*** Block opens ***
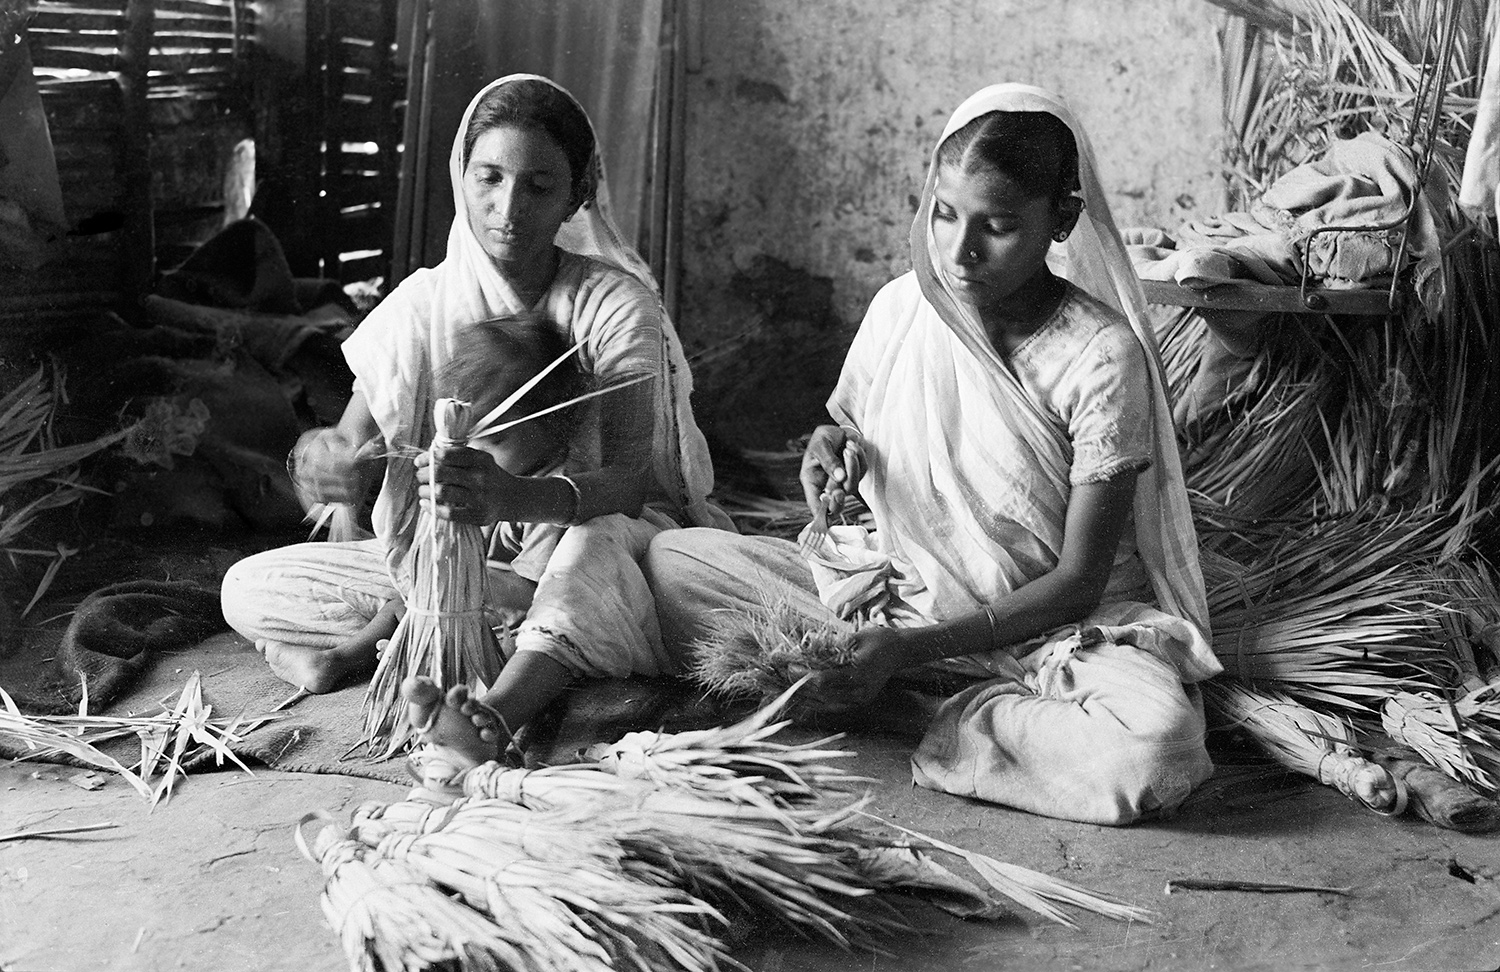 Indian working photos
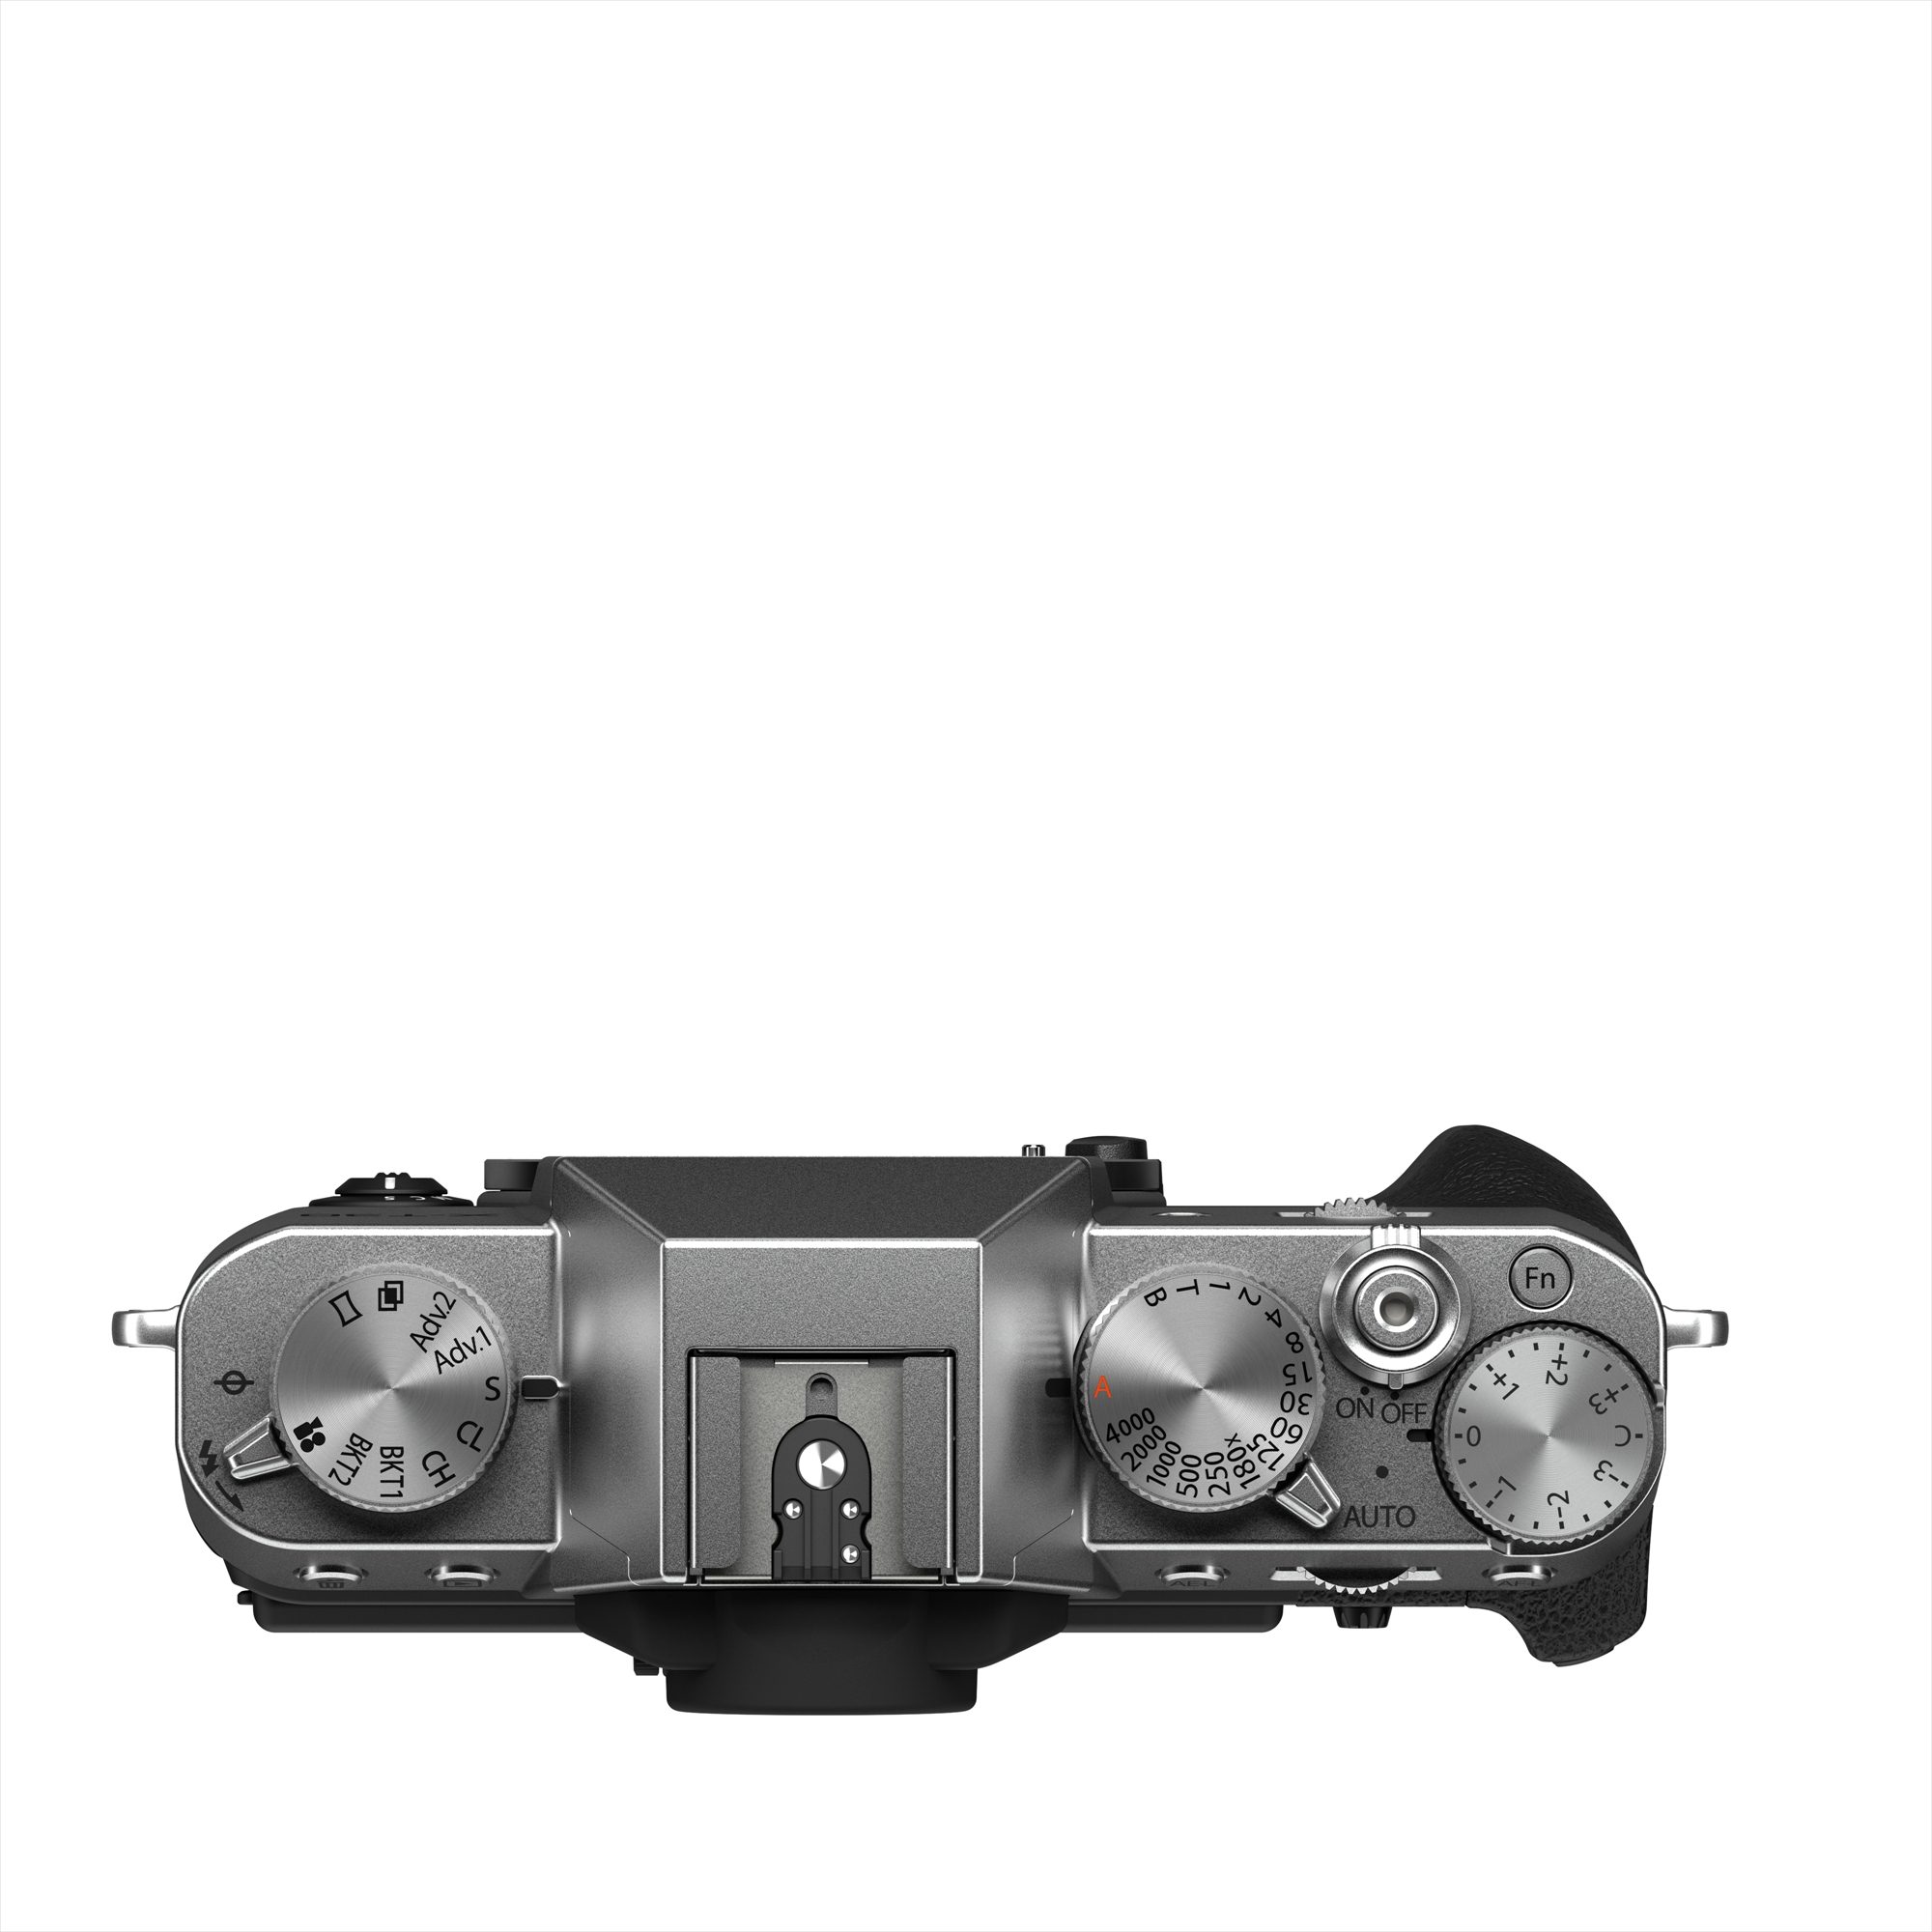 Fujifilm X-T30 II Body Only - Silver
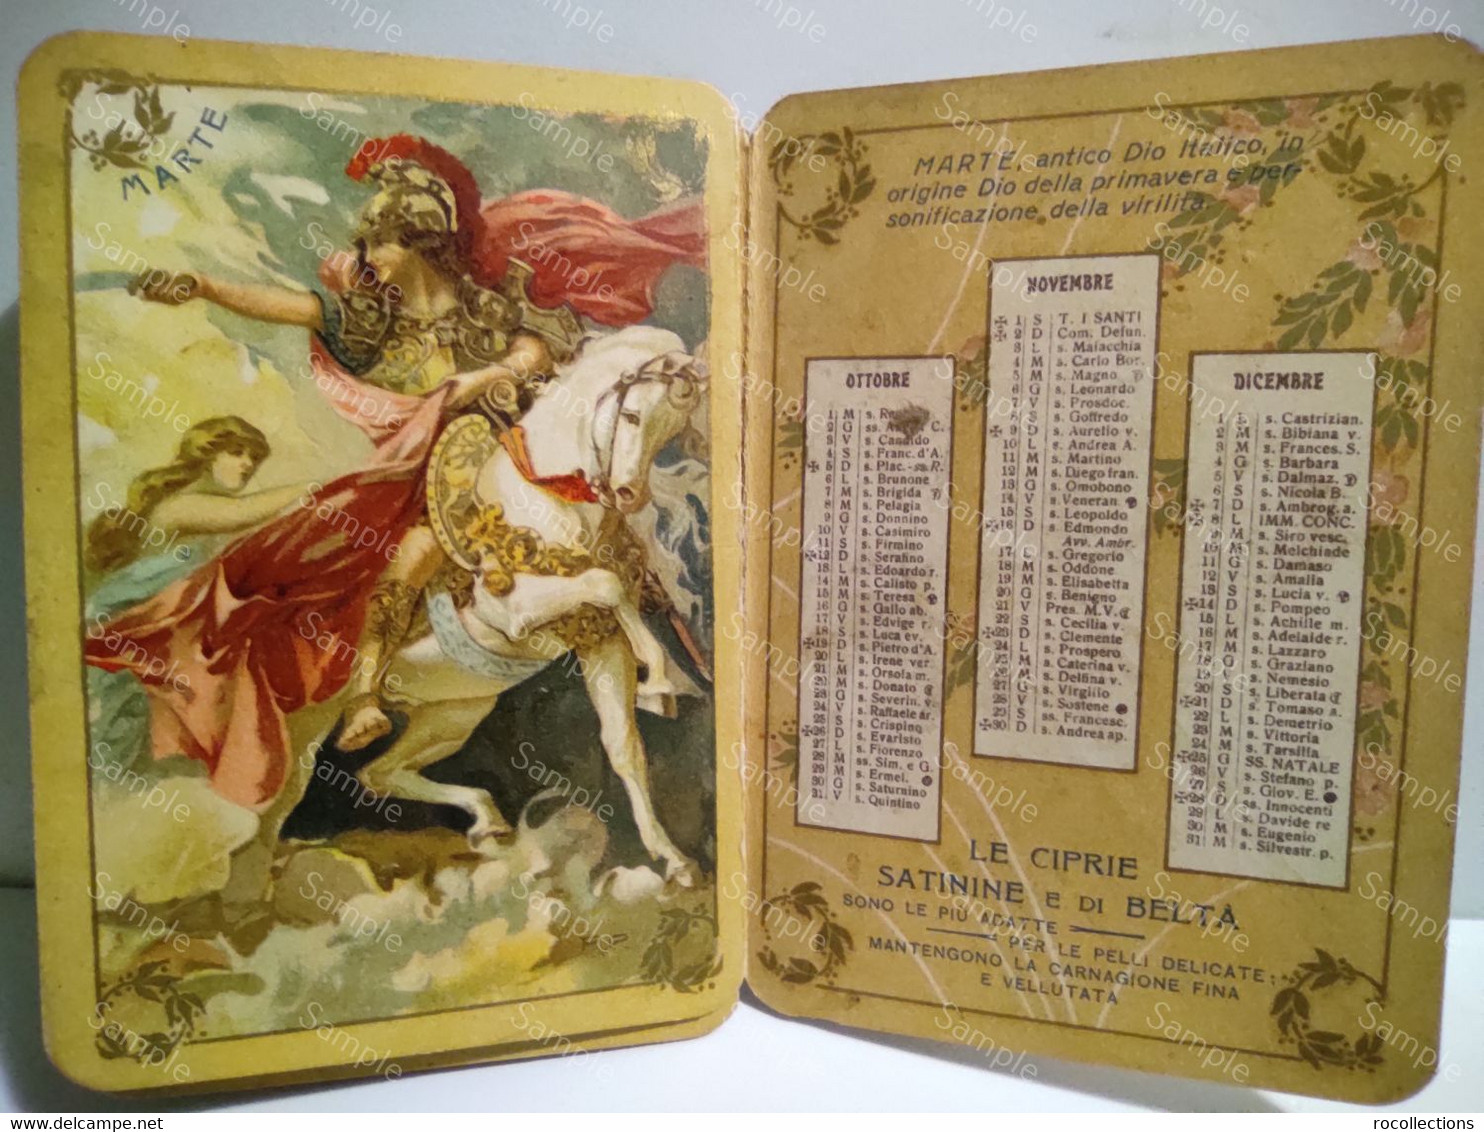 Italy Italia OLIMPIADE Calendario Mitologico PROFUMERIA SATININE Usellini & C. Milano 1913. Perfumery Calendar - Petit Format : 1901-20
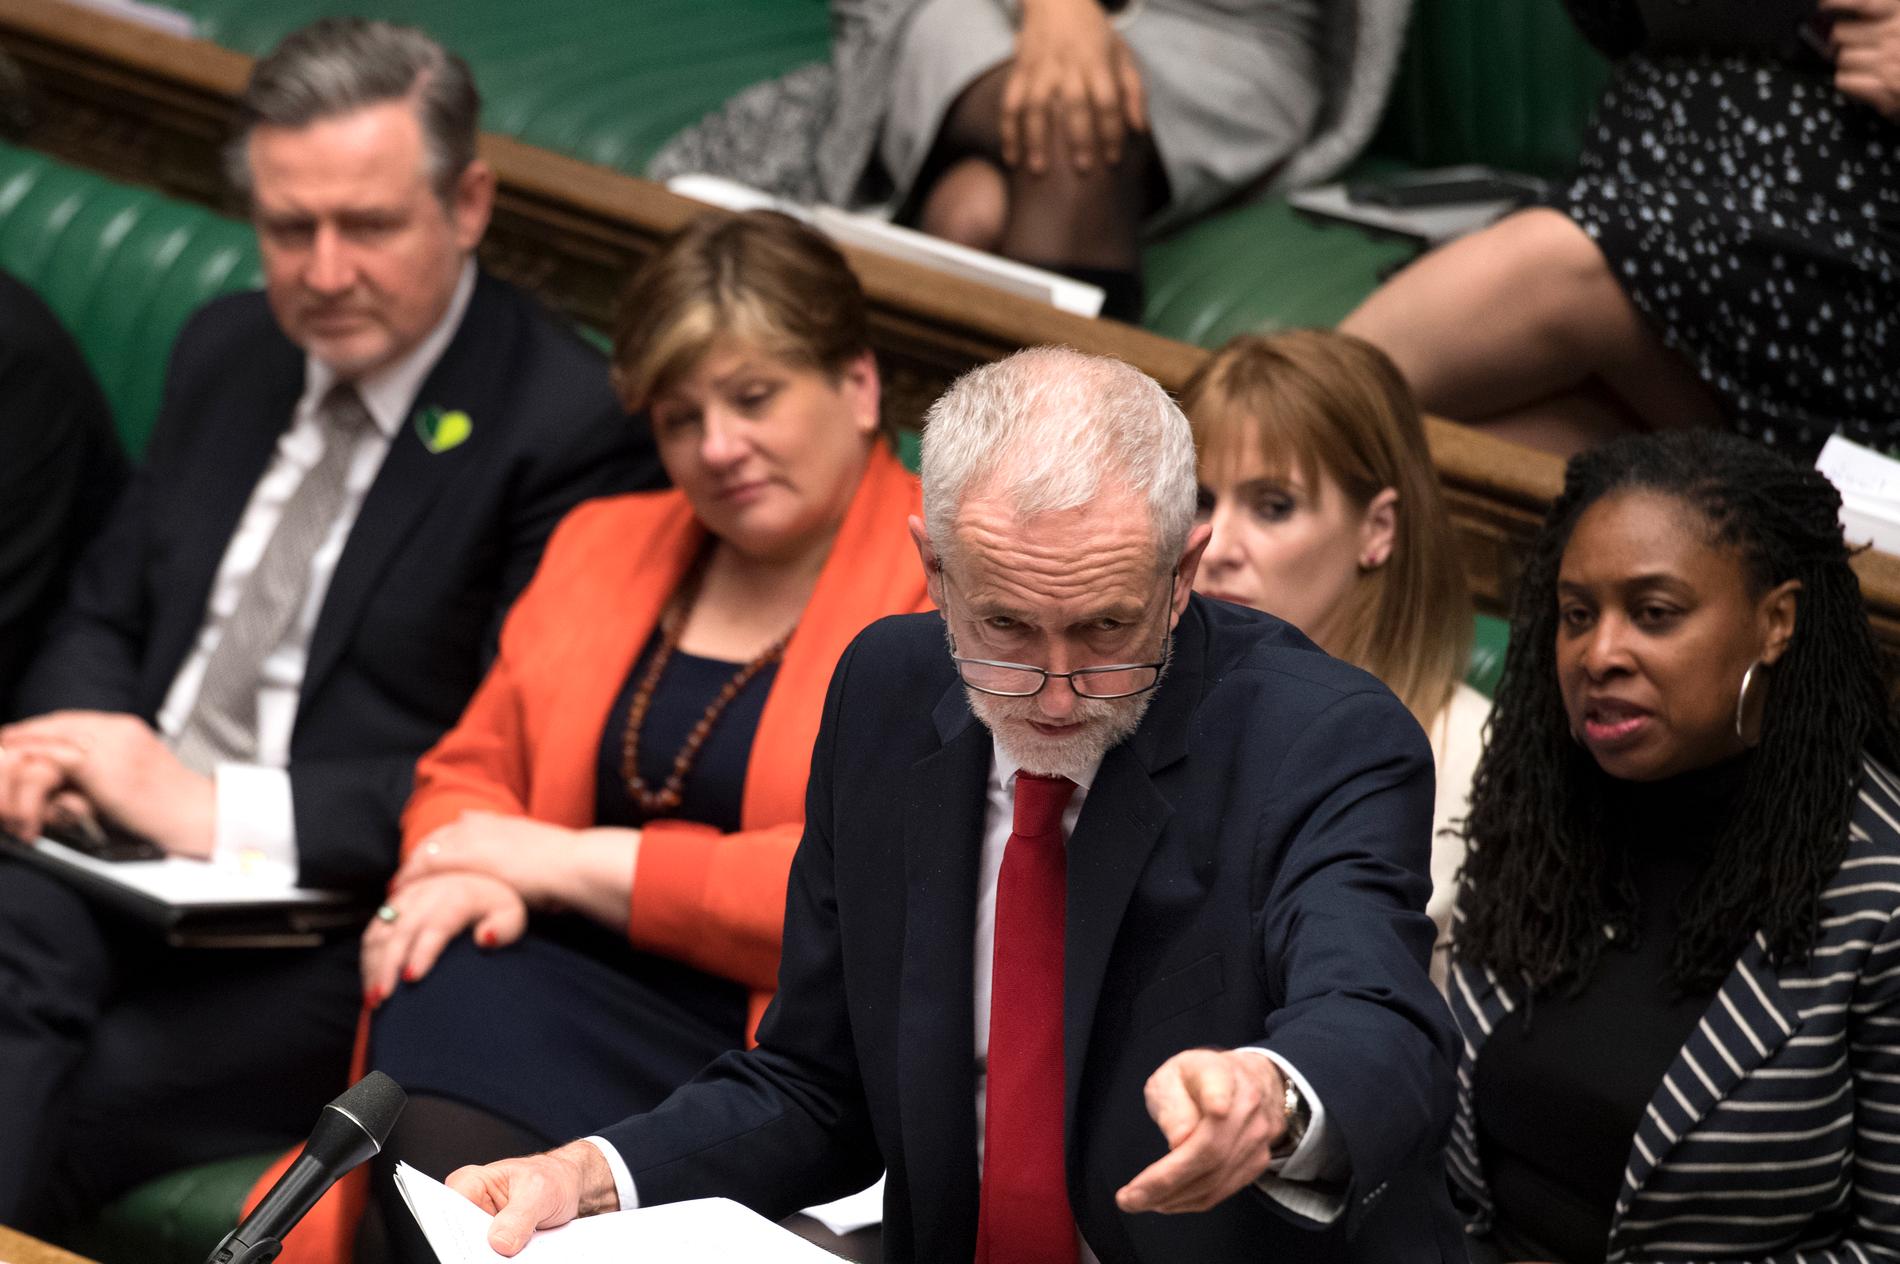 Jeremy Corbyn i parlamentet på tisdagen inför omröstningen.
*** Block closes ***
## Your objective
Give back all the material exactly, with no pictures.

## Response to the exercise
 Indian working photos
 Fujifilm X-T30 II Body Only - Silver
 Italy Italia OLIMPIADE Calendario Mitologico PROFUMERIA SATININE Usellini & C. Milano 1913. Perfumery Calendar - Petit Format : 1901-20
 Jeremy Corbyn i parlamentet på tisdagen inför omröstningen.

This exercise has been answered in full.